• **Assigned task**: Make an exact copy, from the records below, of the lines from the line containing "Flaggen der deutschen" to the line containing "Aquamarine - Stones with Inclusions", both lines included, excluding pictures.

• **Recorded information**:
- - -

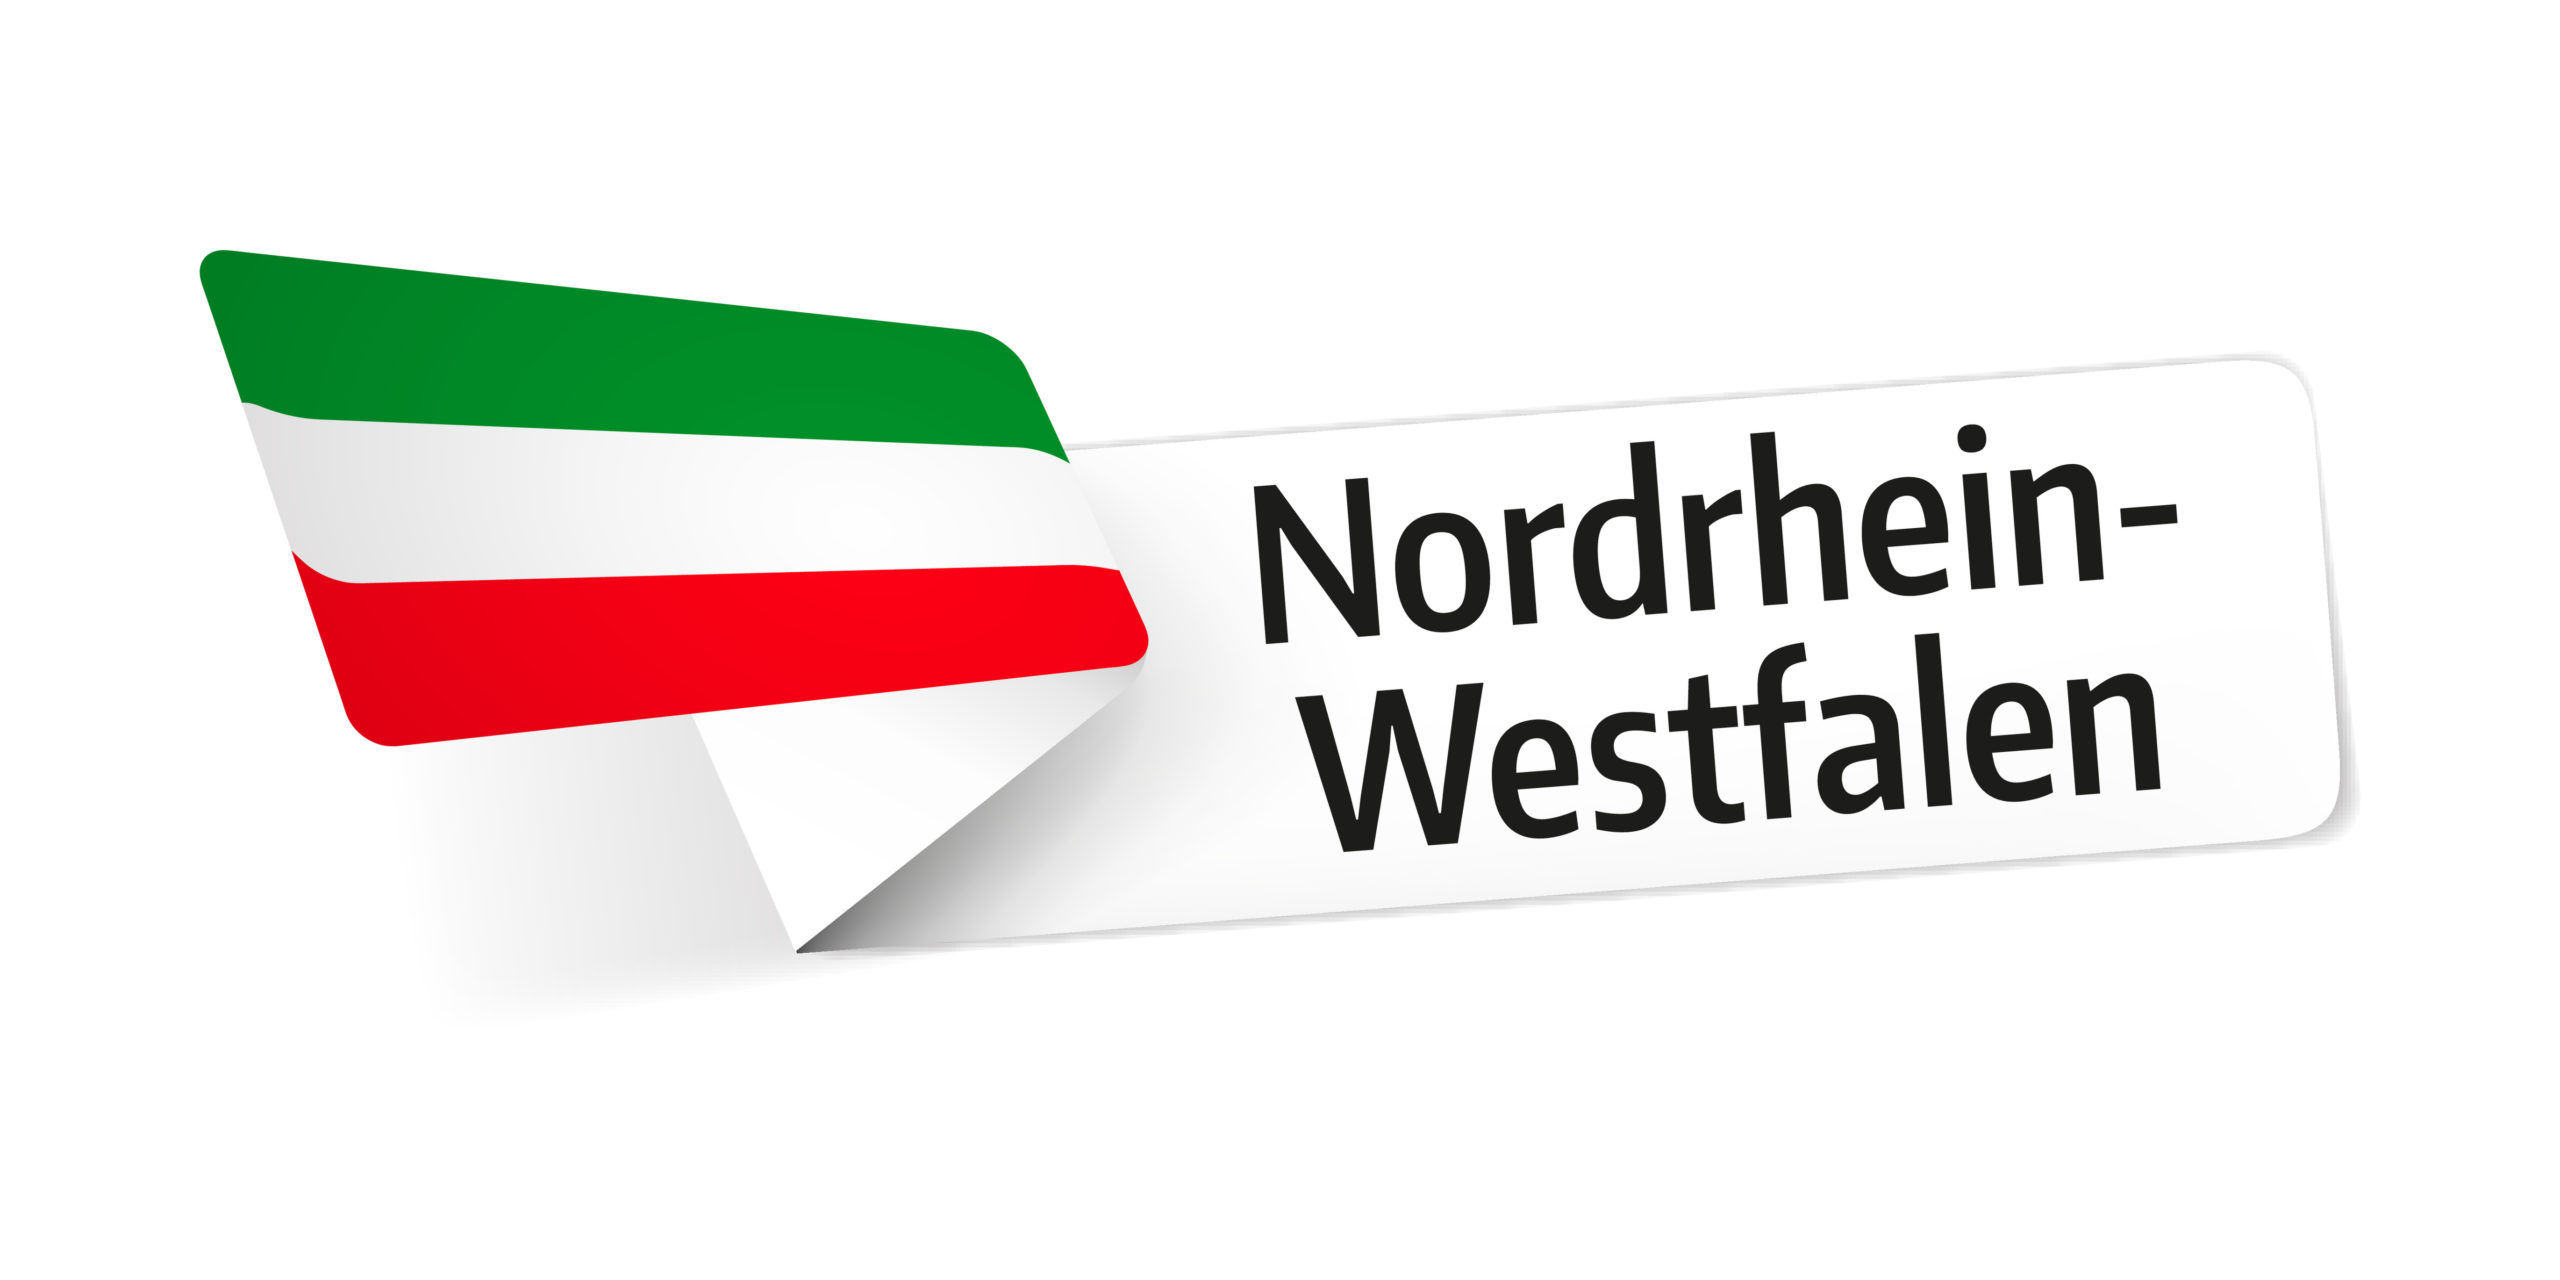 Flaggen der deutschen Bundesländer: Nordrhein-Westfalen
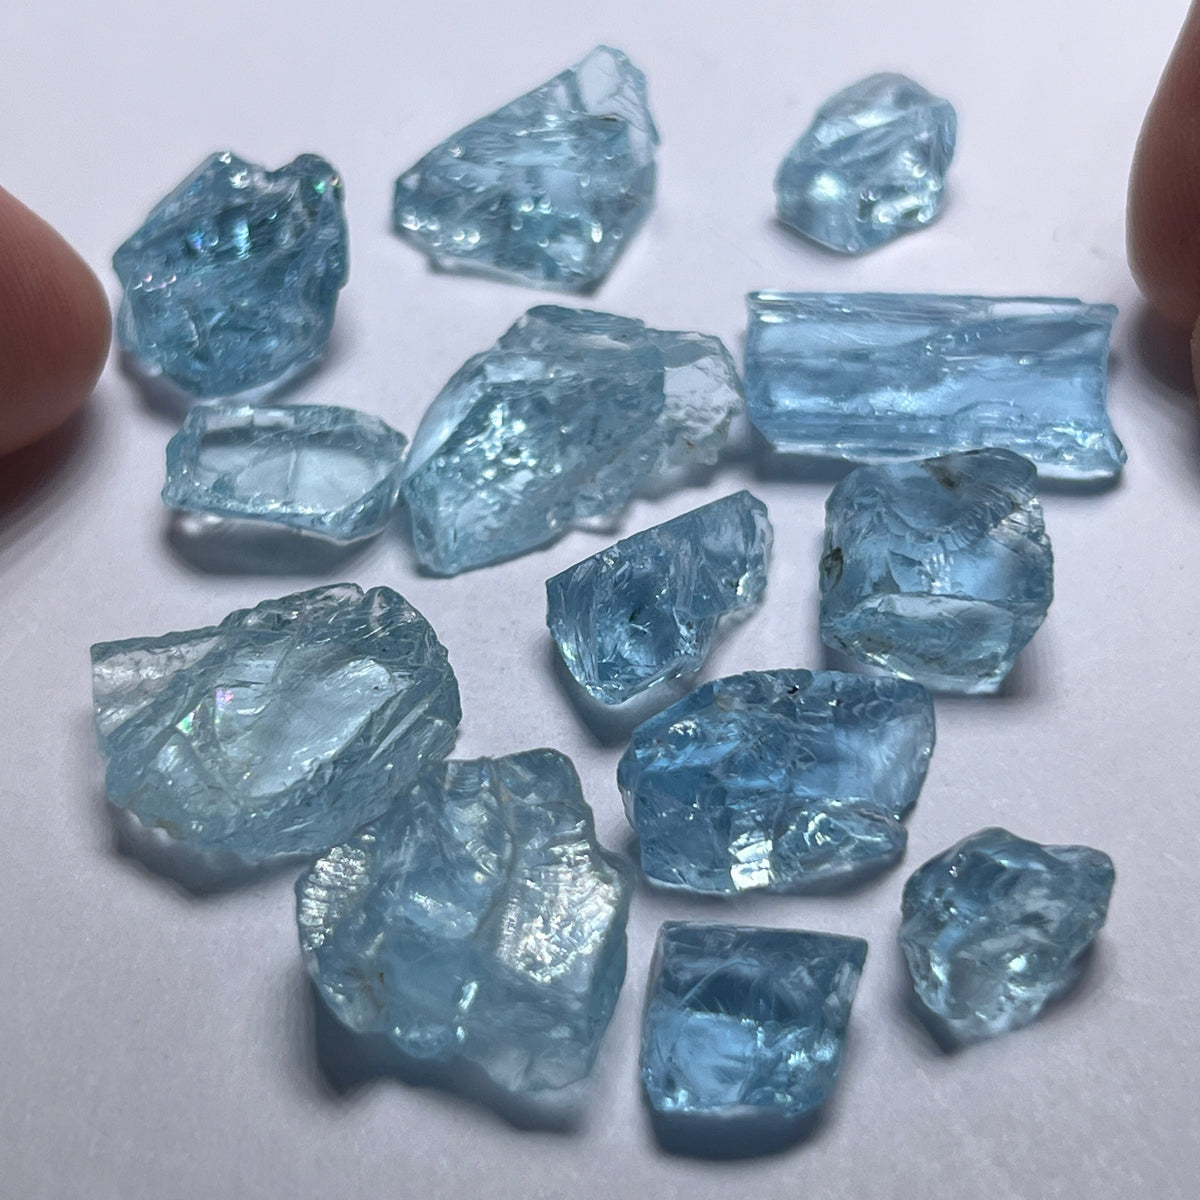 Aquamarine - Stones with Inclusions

- - -

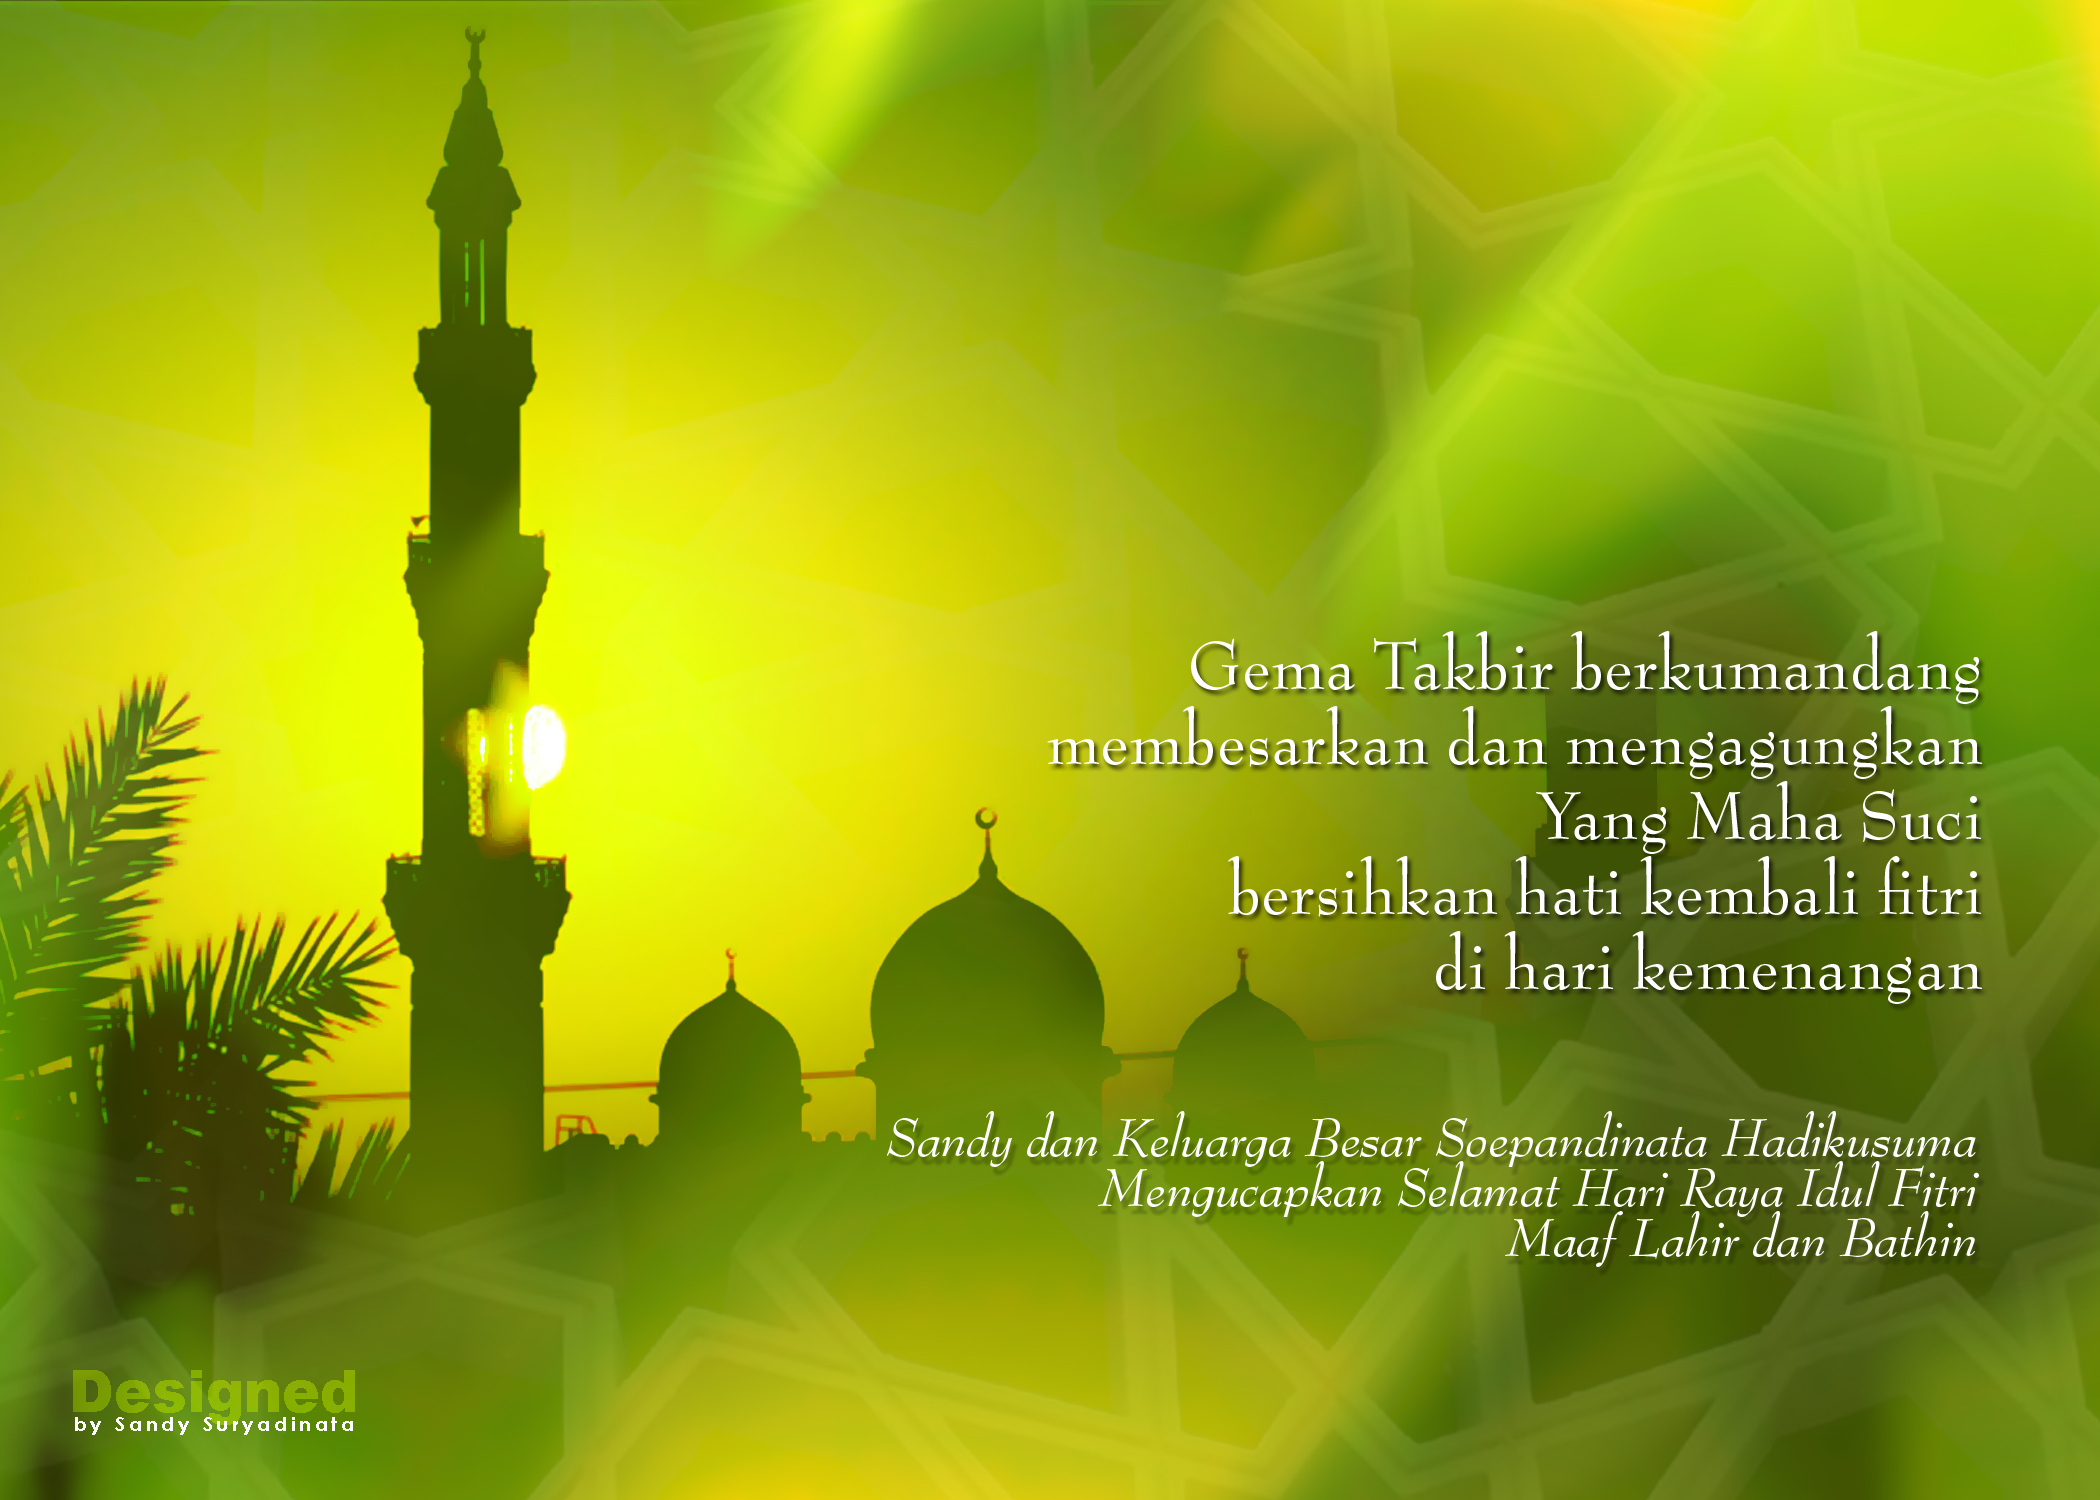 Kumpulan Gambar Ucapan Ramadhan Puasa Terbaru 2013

- - -

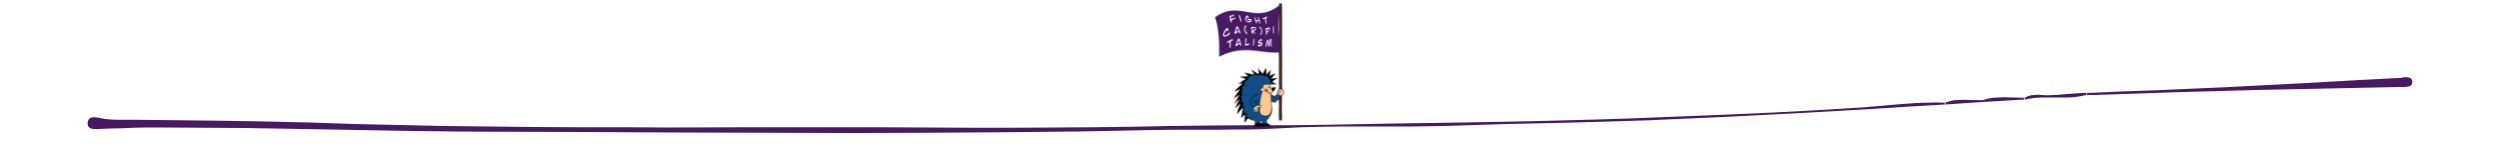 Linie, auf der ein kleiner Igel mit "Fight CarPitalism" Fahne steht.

- - -

• **Result for this task**:
 Flaggen der deutschen Bundesländer: Nordrhein-Westfalen
 Aquamarine - Stones with Inclusions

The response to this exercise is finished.